• [Work instructions] Which lines below fall between the one containing "Нумерология имени и" and the one containing "Eine große Statue"? Repeat them exactly, counting both of those lines, and add nothing else.

Stored items from a collection
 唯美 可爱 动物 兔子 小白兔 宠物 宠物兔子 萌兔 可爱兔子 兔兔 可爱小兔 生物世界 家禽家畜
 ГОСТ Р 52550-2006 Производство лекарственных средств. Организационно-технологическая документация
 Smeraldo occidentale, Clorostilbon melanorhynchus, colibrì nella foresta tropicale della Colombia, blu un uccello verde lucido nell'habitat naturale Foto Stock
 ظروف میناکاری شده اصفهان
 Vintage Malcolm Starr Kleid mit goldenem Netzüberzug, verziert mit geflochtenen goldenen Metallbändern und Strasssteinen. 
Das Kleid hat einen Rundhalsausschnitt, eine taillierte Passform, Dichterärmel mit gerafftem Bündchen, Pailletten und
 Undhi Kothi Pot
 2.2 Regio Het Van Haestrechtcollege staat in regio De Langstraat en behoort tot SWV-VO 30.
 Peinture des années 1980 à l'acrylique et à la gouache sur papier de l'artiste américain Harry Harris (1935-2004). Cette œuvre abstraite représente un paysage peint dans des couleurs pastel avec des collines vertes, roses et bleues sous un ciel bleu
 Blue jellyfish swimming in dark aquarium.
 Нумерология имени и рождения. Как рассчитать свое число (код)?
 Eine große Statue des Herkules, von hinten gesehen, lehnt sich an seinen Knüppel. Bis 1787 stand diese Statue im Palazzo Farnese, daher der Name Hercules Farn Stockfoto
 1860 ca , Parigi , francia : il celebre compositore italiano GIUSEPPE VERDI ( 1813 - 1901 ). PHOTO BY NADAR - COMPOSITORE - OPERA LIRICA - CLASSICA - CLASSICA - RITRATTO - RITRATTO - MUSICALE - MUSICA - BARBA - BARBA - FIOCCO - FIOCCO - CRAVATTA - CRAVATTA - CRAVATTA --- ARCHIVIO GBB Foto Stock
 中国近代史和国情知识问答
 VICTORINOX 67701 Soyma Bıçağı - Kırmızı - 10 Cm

• [Exercise answer]
 Нумерология имени и рождения. Как рассчитать свое число (код)?
 Eine große Statue des Herkules, von hinten gesehen, lehnt sich an seinen Knüppel. Bis 1787 stand diese Statue im Palazzo Farnese, daher der Name Hercules Farn Stockfoto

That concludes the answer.